Left untreated, about 30% led to amputation. And recent studies show the risk of dying from a chronic wound complication within 5 years rivals that of most cancers.
Yet until recently, medical technology had not kept up with what experts say is a snowballing threat to public health.
“Wound care – even with all of the billions of products that are sold – still exists on kind of a medieval level,” said Geoffrey Gurtner, MD, chair of the department of surgery and professor of biomedical engineering at the University of Arizona College of Medicine. “We’re still putting on poultices and salves ... and when it comes to diagnosing infection, it’s really an art. I think we can do better.”

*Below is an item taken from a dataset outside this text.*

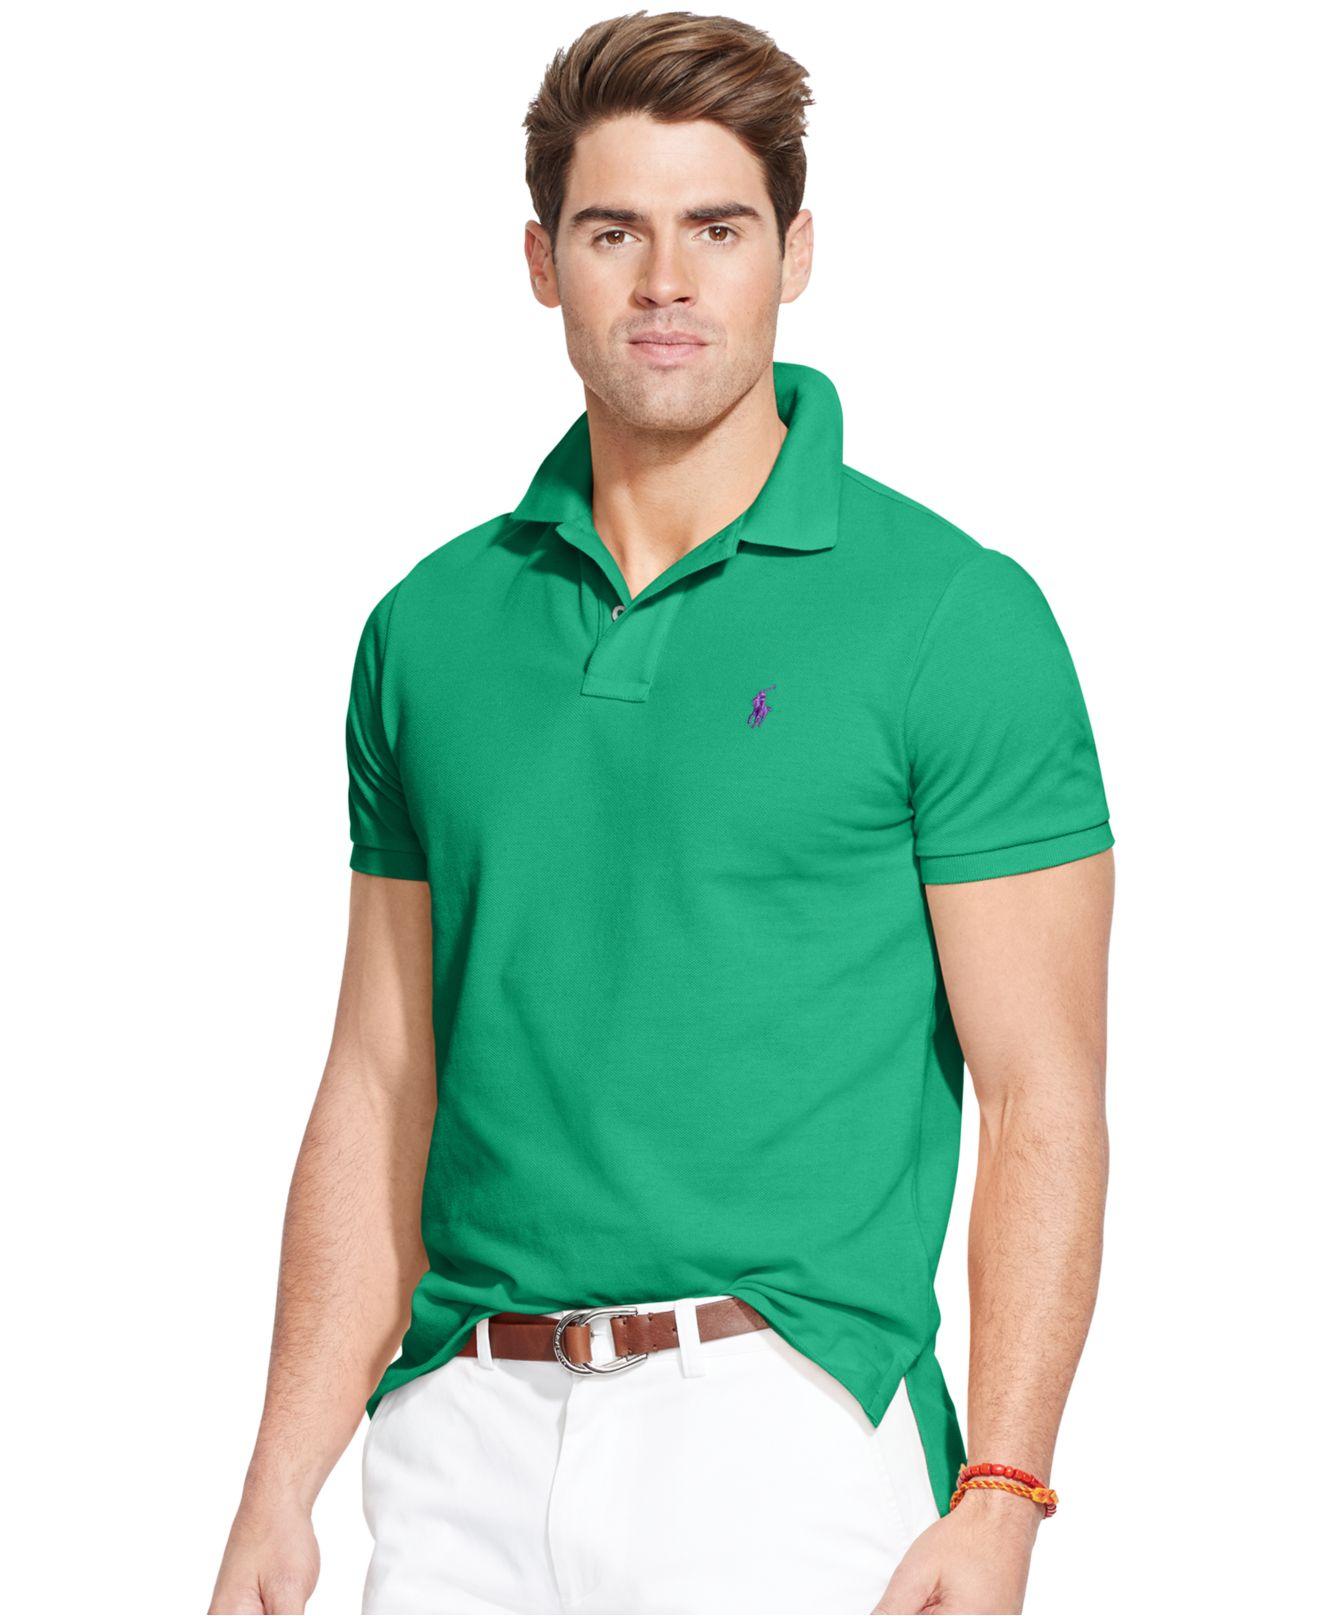 b9762b4befad4 Lyst - Polo Ralph Lauren Classic-fit Mesh Polo in Green for Men

Old-school bandage meets AI
Dr. Gurtner is among dozens of clinicians and researchers reimagining the humble bandage, combining cutting-edge materials science with artificial intelligence and patient data to develop “smart bandages” that do far more than shield a wound.
Someday soon, these paper-thin bandages embedded with miniaturized electronics could monitor the healing process in real time, alerting the patient – or a doctor – when things go wrong. With the press of a smartphone button, that bandage could deliver medicine to fight an infection or an electrical pulse to stimulate healing.
Some “closed-loop” designs need no prompting, instead monitoring the wound and automatically giving it what it needs.
Others in development could halt a battlefield wound from hemorrhaging or kick-start healing in a blast wound, preventing longer-term disability.
The same technologies could – if the price is right – speed up healing and reduce scarring in minor cuts and scrapes, too, said Dr. Gurtner.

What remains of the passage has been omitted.